**Supplied information:**
───

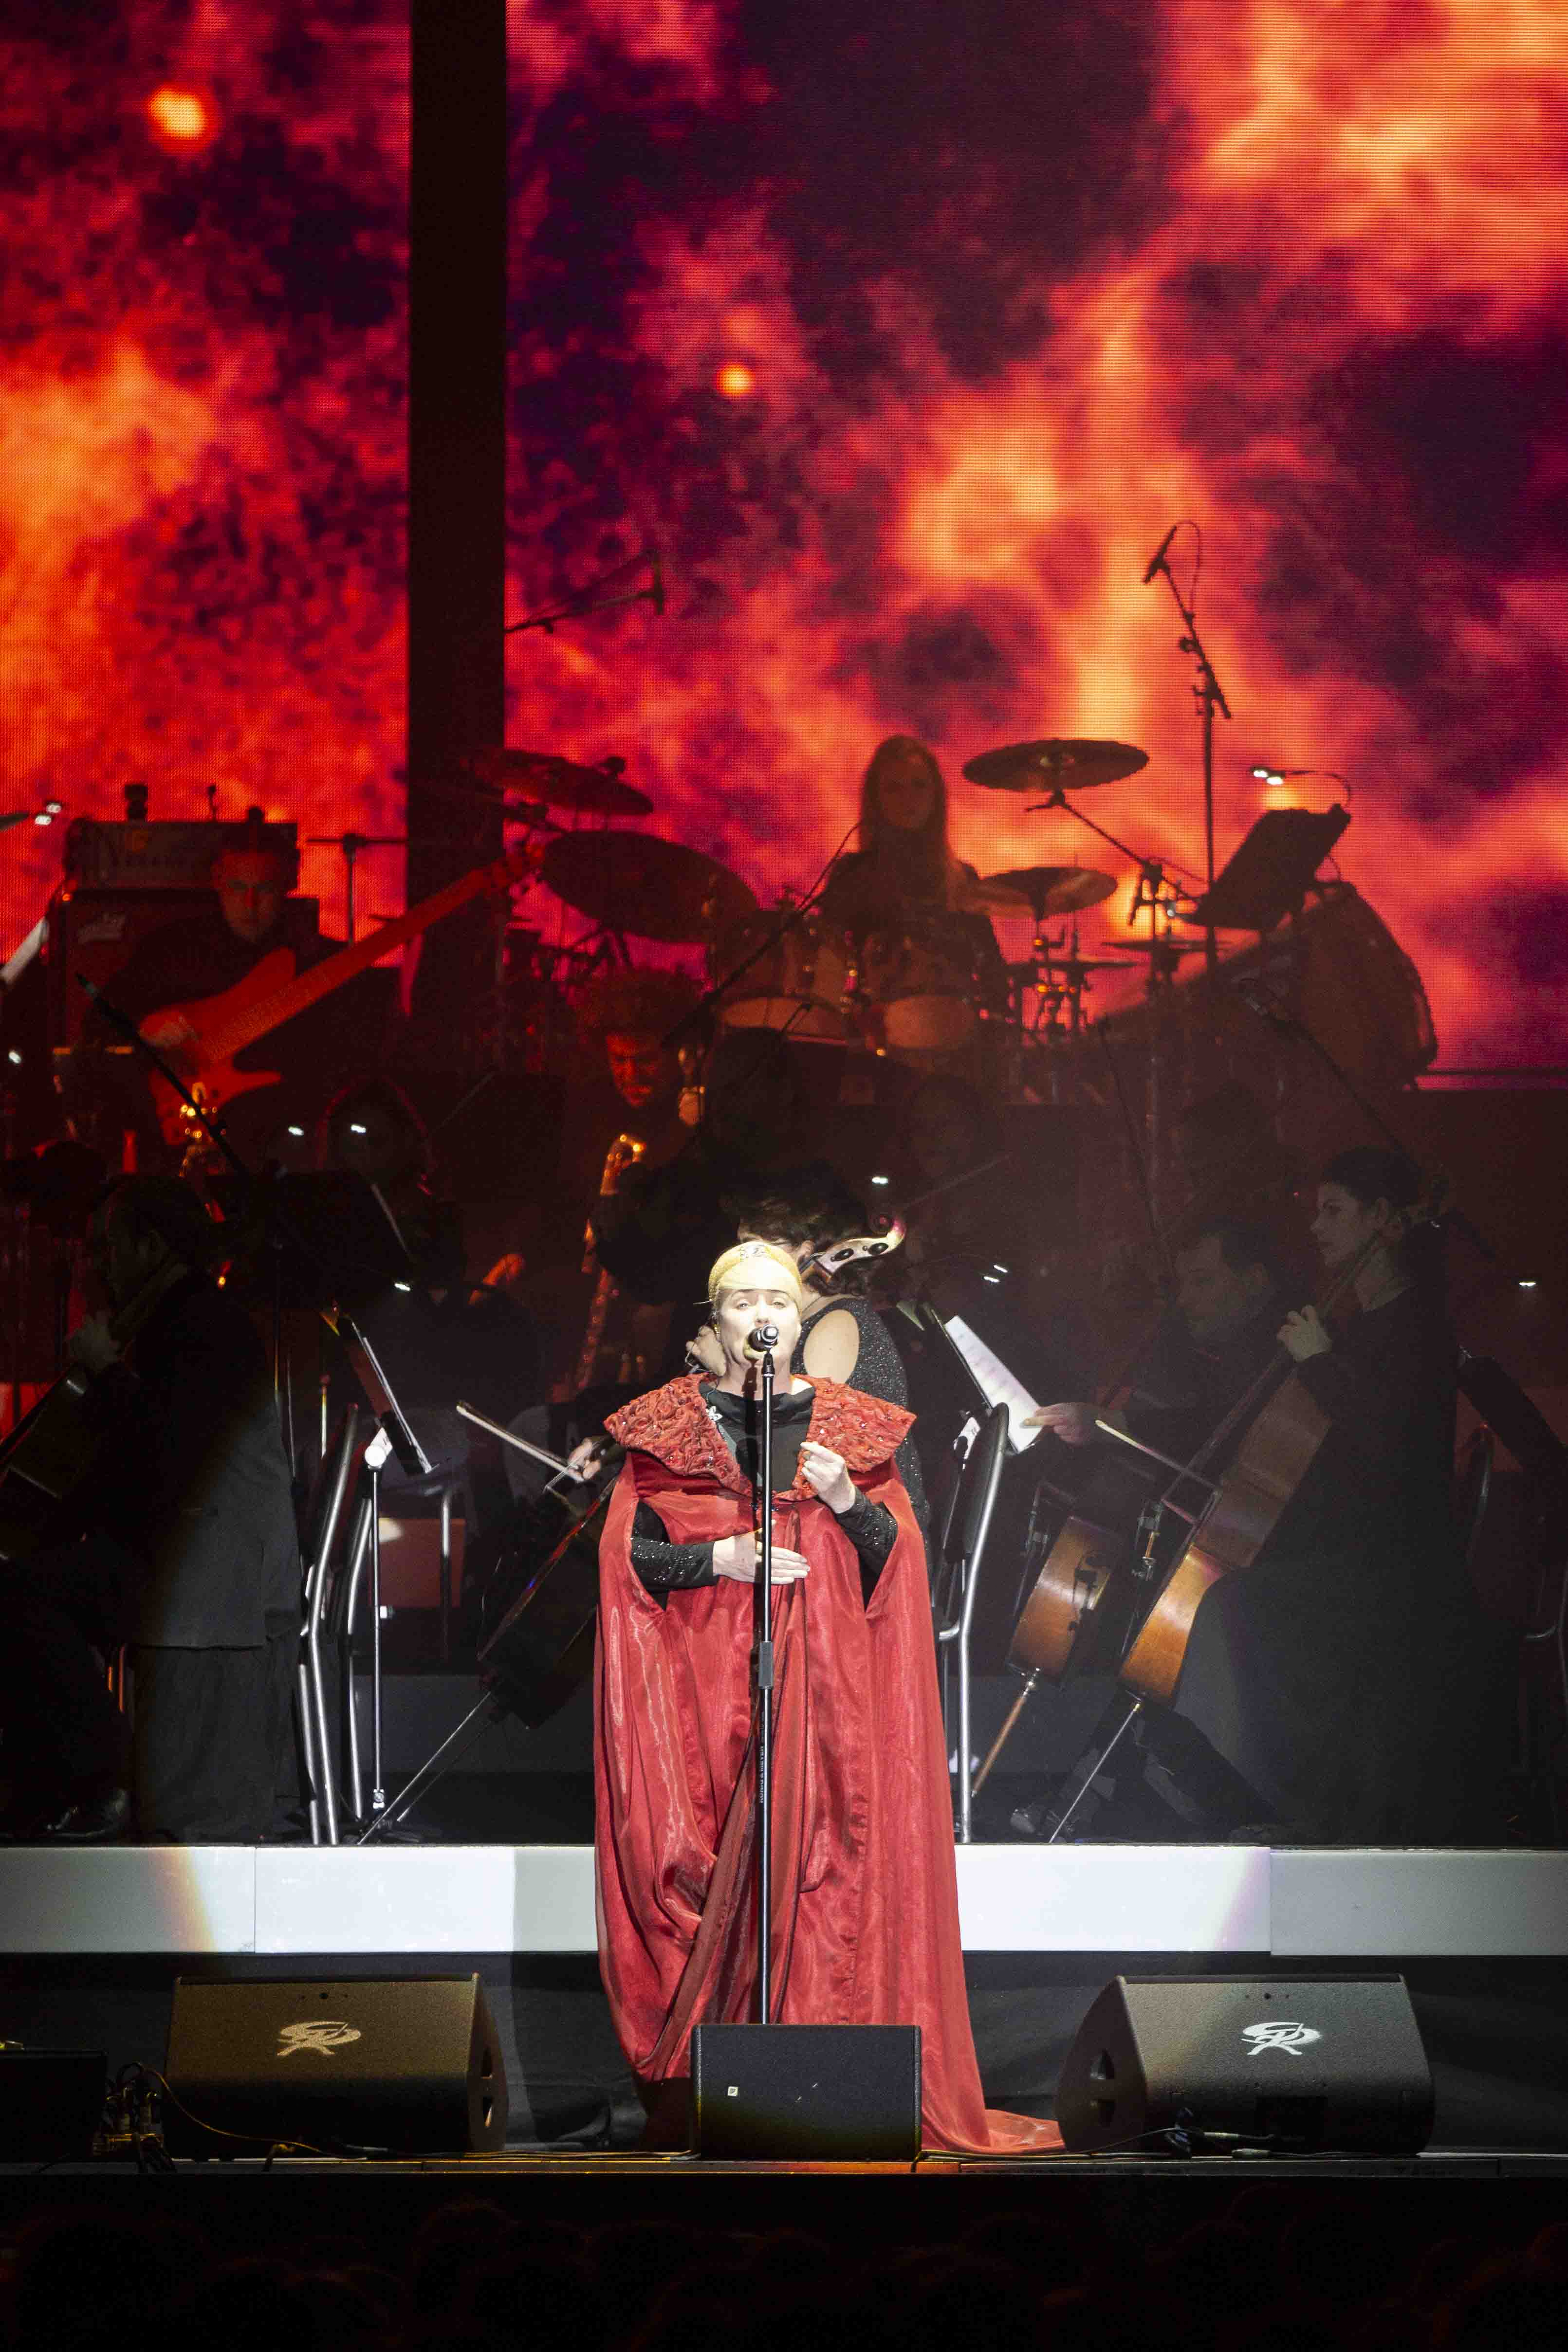 Adele si podmanila Brit Awards. Stala se Umělkyní roku, skórovala i s albem a písní
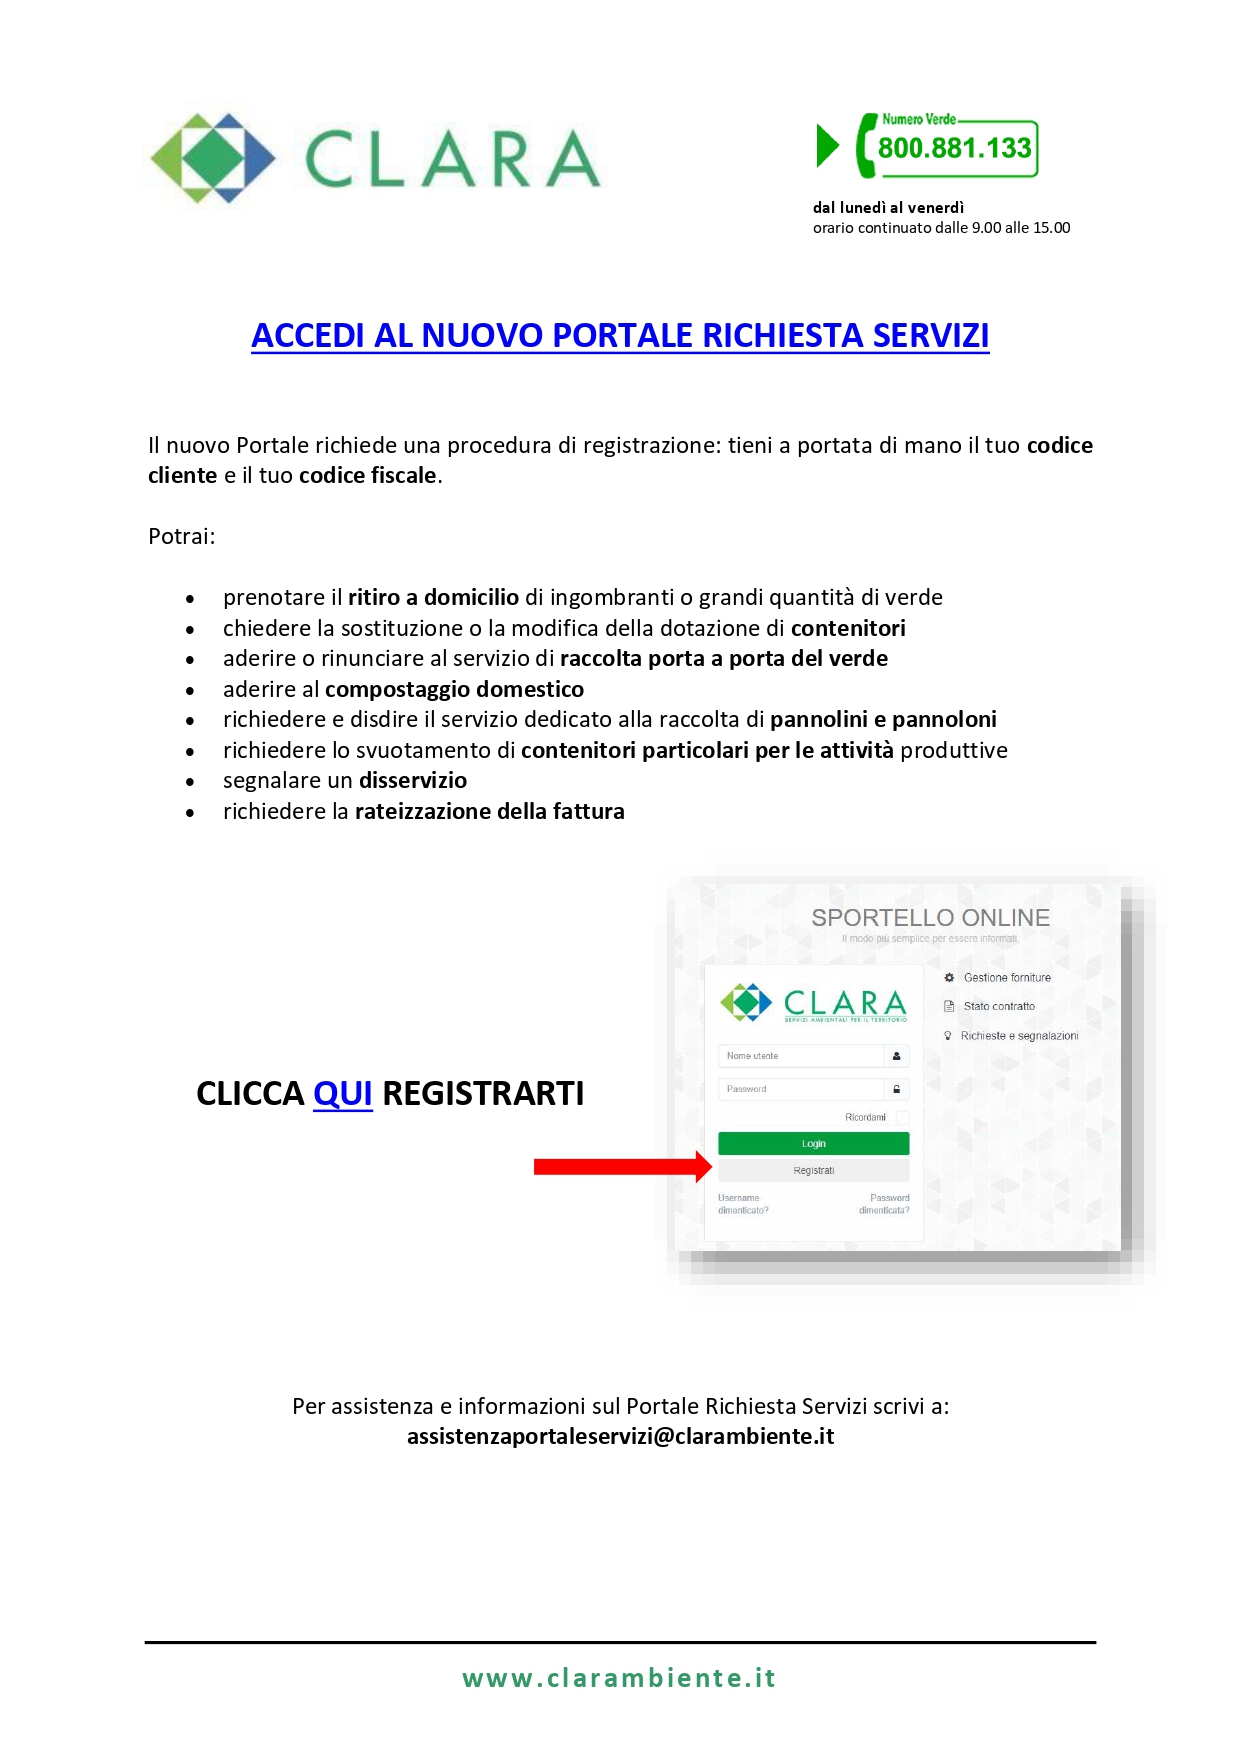 screenshot registrazione al portale di Clara servizi online
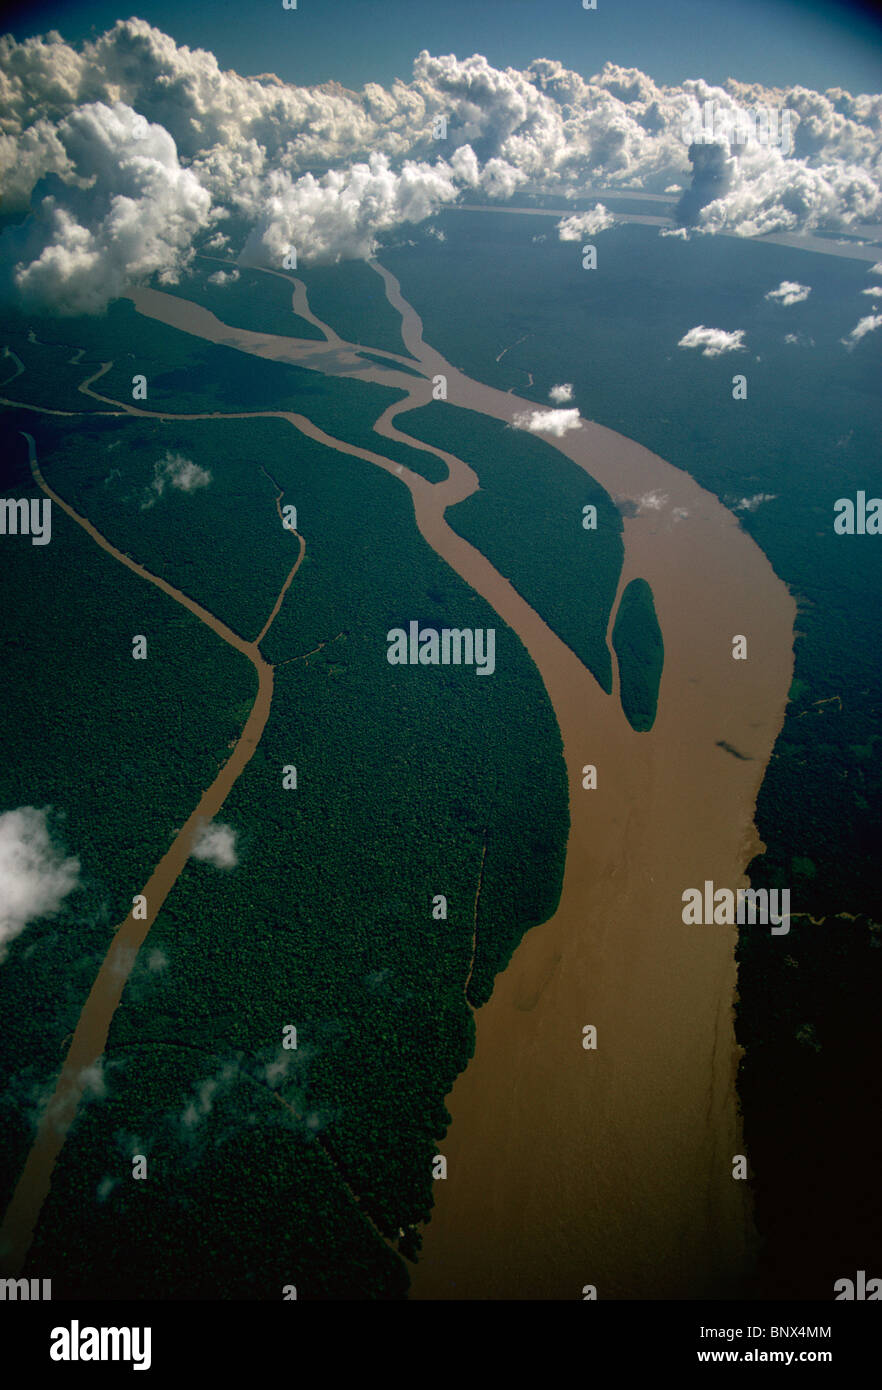 Amazon delta -Fotos und -Bildmaterial in hoher Auflösung – Alamy

───

**What this task involves:**
Everything from the line containing "screenshot registrazione al" through the end of the data should be printed exactly, line for line, except the pictures.

**Result of the exercise:**
 screenshot registrazione al portale di Clara servizi online
 Amazon delta -Fotos und -Bildmaterial in hoher Auflösung – Alamy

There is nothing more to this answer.